**Source information:**
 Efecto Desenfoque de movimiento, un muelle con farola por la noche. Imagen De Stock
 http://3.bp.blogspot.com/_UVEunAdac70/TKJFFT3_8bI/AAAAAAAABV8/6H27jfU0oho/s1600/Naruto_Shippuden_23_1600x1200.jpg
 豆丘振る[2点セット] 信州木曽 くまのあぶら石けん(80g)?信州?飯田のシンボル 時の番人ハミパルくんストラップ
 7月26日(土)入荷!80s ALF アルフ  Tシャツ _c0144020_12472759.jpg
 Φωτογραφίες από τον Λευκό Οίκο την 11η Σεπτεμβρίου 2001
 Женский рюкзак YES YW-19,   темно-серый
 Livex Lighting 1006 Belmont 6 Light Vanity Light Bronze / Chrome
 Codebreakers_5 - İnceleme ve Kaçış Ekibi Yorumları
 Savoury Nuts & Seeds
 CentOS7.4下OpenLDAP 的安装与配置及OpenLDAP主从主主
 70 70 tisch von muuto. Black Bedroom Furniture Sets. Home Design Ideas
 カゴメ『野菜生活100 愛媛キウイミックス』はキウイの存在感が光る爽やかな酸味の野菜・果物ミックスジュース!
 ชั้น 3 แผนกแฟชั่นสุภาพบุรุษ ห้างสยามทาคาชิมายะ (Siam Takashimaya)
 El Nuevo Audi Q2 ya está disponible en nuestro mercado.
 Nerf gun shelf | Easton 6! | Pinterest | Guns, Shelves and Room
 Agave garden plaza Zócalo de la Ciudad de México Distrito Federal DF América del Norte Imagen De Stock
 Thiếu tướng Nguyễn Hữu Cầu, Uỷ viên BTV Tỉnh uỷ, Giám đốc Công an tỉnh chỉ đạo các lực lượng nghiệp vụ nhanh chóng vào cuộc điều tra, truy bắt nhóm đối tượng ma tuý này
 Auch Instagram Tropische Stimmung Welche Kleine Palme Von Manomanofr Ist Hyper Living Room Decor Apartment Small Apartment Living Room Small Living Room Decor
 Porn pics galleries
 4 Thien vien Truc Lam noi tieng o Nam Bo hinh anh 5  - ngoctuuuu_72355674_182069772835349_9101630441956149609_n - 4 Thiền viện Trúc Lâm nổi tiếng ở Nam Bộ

**Assigned task:** Every line of the material must be returned exactly as it appears.

**Written response:**
 Efecto Desenfoque de movimiento, un muelle con farola por la noche. Imagen De Stock
 http://3.bp.blogspot.com/_UVEunAdac70/TKJFFT3_8bI/AAAAAAAABV8/6H27jfU0oho/s1600/Naruto_Shippuden_23_1600x1200.jpg
 豆丘振る[2点セット] 信州木曽 くまのあぶら石けん(80g)?信州?飯田のシンボル 時の番人ハミパルくんストラップ
 7月26日(土)入荷!80s ALF アルフ  Tシャツ _c0144020_12472759.jpg
 Φωτογραφίες από τον Λευκό Οίκο την 11η Σεπτεμβρίου 2001
 Женский рюкзак YES YW-19,   темно-серый
 Livex Lighting 1006 Belmont 6 Light Vanity Light Bronze / Chrome
 Codebreakers_5 - İnceleme ve Kaçış Ekibi Yorumları
 Savoury Nuts & Seeds
 CentOS7.4下OpenLDAP 的安装与配置及OpenLDAP主从主主
 70 70 tisch von muuto. Black Bedroom Furniture Sets. Home Design Ideas
 カゴメ『野菜生活100 愛媛キウイミックス』はキウイの存在感が光る爽やかな酸味の野菜・果物ミックスジュース!
 ชั้น 3 แผนกแฟชั่นสุภาพบุรุษ ห้างสยามทาคาชิมายะ (Siam Takashimaya)
 El Nuevo Audi Q2 ya está disponible en nuestro mercado.
 Nerf gun shelf | Easton 6! | Pinterest | Guns, Shelves and Room
 Agave garden plaza Zócalo de la Ciudad de México Distrito Federal DF América del Norte Imagen De Stock
 Thiếu tướng Nguyễn Hữu Cầu, Uỷ viên BTV Tỉnh uỷ, Giám đốc Công an tỉnh chỉ đạo các lực lượng nghiệp vụ nhanh chóng vào cuộc điều tra, truy bắt nhóm đối tượng ma tuý này
 Auch Instagram Tropische Stimmung Welche Kleine Palme Von Manomanofr Ist Hyper Living Room Decor Apartment Small Apartment Living Room Small Living Room Decor
 Porn pics galleries
 4 Thien vien Truc Lam noi tieng o Nam Bo hinh anh 5  - ngoctuuuu_72355674_182069772835349_9101630441956149609_n - 4 Thiền viện Trúc Lâm nổi tiếng ở Nam Bộ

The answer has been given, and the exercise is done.